Beitrag von emil17 » Sa 4. Jan 2020, 18:17

Ich kenne Elefanten nur aus dem Zoo.
Hochmoore gibt es nur in Klima, wo der Niederschlag dauernd die Verdunstung überwiegt. Ob dort Elefanten wohl sind?
Hochmoore gab es schon bevor es menschen gab, also auch bevor Mensch die Megaherbivoren dezimiert hat (wenn das denn so war).
Hochmoore sind für schwere Weidetiere nicht begehbar, ausser in gefrorenem Zustand, und wegen extremer Nährstoffarmut lohnt es sich auch nicht, dort Futter zu suchen.
Weil es sehr viele Pflanzenarten gibt, die extrem auf diesen Standort spezialisiert sind und nur dort fortkommen können, und die sich in Physiologie und Habitus stark von verwandten Arten unterscheiden, bedeutet das, dass dieser Standortstyp schon sehr alt ist und vor dem Anthropozän flächenmässig bedeutend gewesen sein muss. Folglich müssen Hochmoore grossflächig zu Zeiten der Megaherbivorendominanz (falls es die je gab) existenzfähig gewesen sein.
Ob jetzt Hochmoore nicht stabil sein können, weil die Evolution "die Aufgabe hat, Vorräte und Umsätze zu optimieren", kann in einer Diskussion um Fukuoka offenbleiben, es sei denn er hätte sich dazu geäussert. Da in Hochmooren nur die alleroberste Schicht überhaupt aktiv ist - alles andere ist durch Sauerstoffmangel und Humussäuren inaktiv - würde die Betrachtung des gesamten organischen Kohlenstoffvorrates diesbezüglich auch keinen Sinn machen.
Und den Kohlenstoff aus den Mooren wieder freizusetzen, ist ja nur aus der menschlichen Perspektive schlecht, keine Veränderung zu wollen.
Sogar nur aus der heutigen, denn jahrhundertelang hat man Torf gestochen und Moor entwässert, um die Fläche landwirtschaftlich nutzbar zu bekommen. Bei den Schutzgebieten handelt es sich um letzte Überreste ehemals viel grösserer Flächen. Man könnte also Moorschutz durchaus als Beispiel für eine Ablösung alter Perspektiven nehmen.
Und gerade davon, also von Festrennen in liebgewonnenen Perspektiven, versuchte Fukuoka sich ja zu lösen.
Pass auf, das Kind nicht mit dem Bade auszuschütten: Nicht alles, was man liebgewonnen hat, muss deswegen schon eine Sackgasse, überholt und ablösungswürdig sein.
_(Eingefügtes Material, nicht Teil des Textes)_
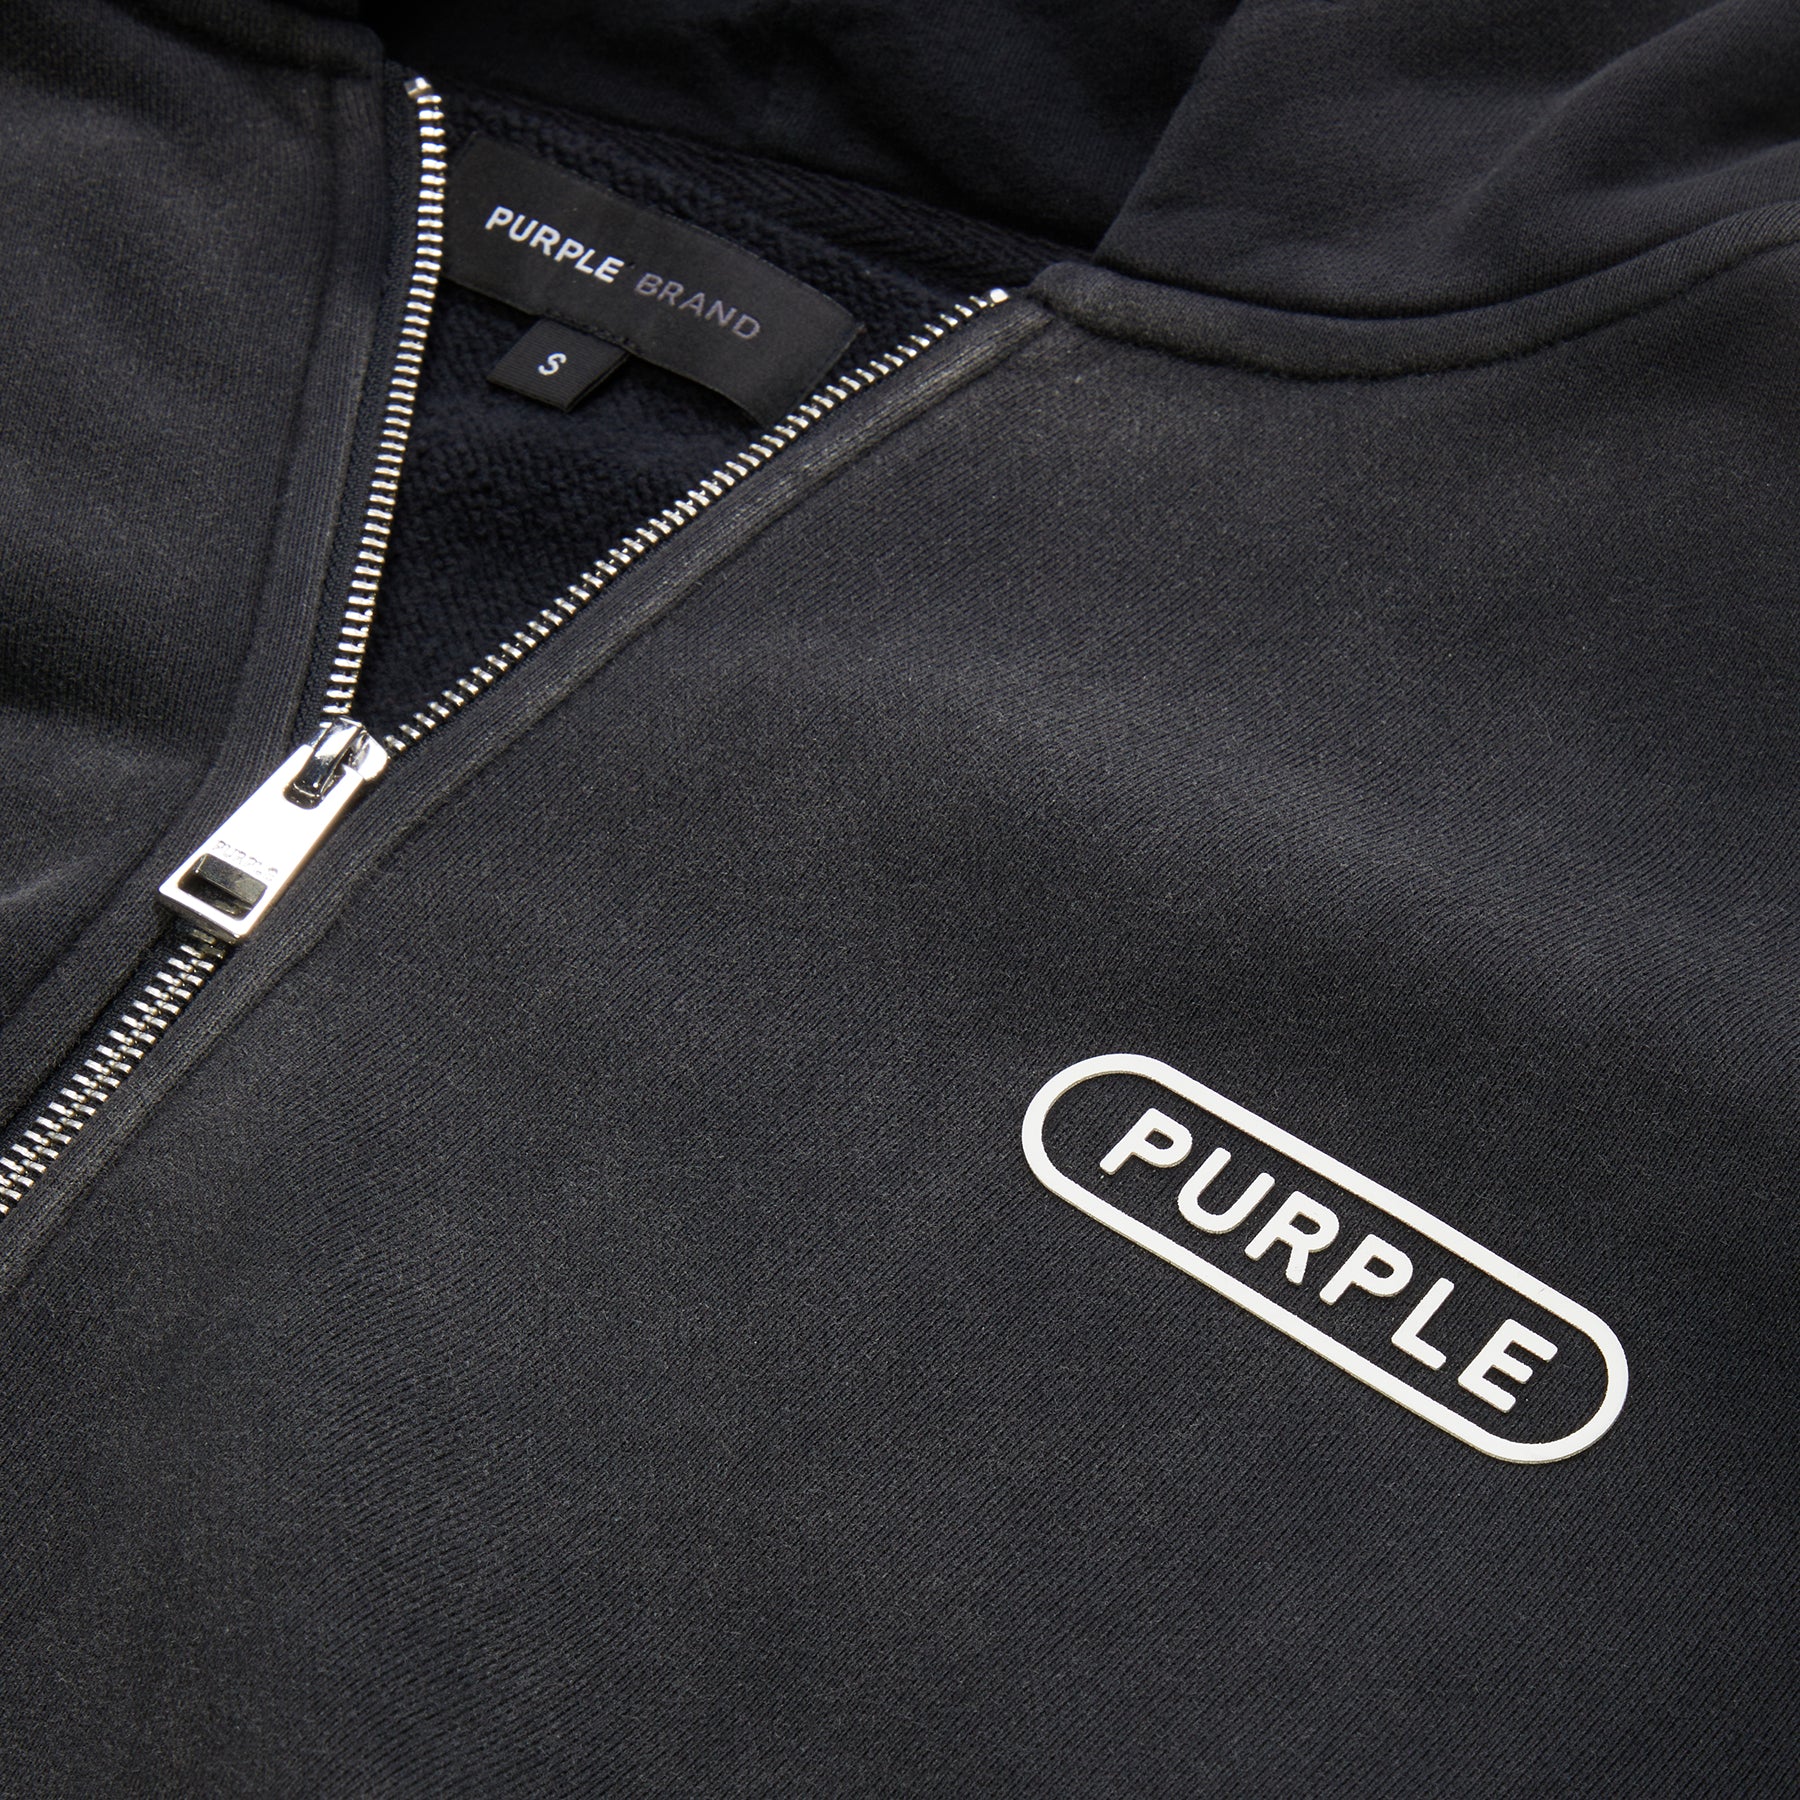 PURPLE Brand HWT Fleece Full Zip Hoody (Black) – CNCPTS

Und nicht alles, wo es um das Ablösen altgewohnter Perspektiven geht, ist deswegen schon im Sinne von Fukuoka.
Zudem tun das (einen besseren Weg zeigen) alle Neuerer, man könnte sich dafür also auch auf Mao oder Jesus berufen.
Wer will, findet einen Weg. Wer nicht will, findet eine Ausrede.

viktualia

Re: Fukuoka Masanobu

#282

Beitrag von viktualia » Sa 4. Jan 2020, 19:54

Oh Mann, Fukuoka sprach nicht explizit über "liebgewonnene" Perspektiven.
Er sprach darüber, dass Perspektiven "Orte im Raum" (Begriffflichkeiten) sind, die die Sichtweise bestimmen.

Er sprach vom Raum.

Du sprichst von Perspektive, von dem einzelnen Punkt, der die Relation festlegt: Begrifflichkeit!
Viele übersehen den "Raum" dadurch, dass sie an ihrer Perspektive festkleben
und rhetorische Manöver dem Wachsen vorziehen.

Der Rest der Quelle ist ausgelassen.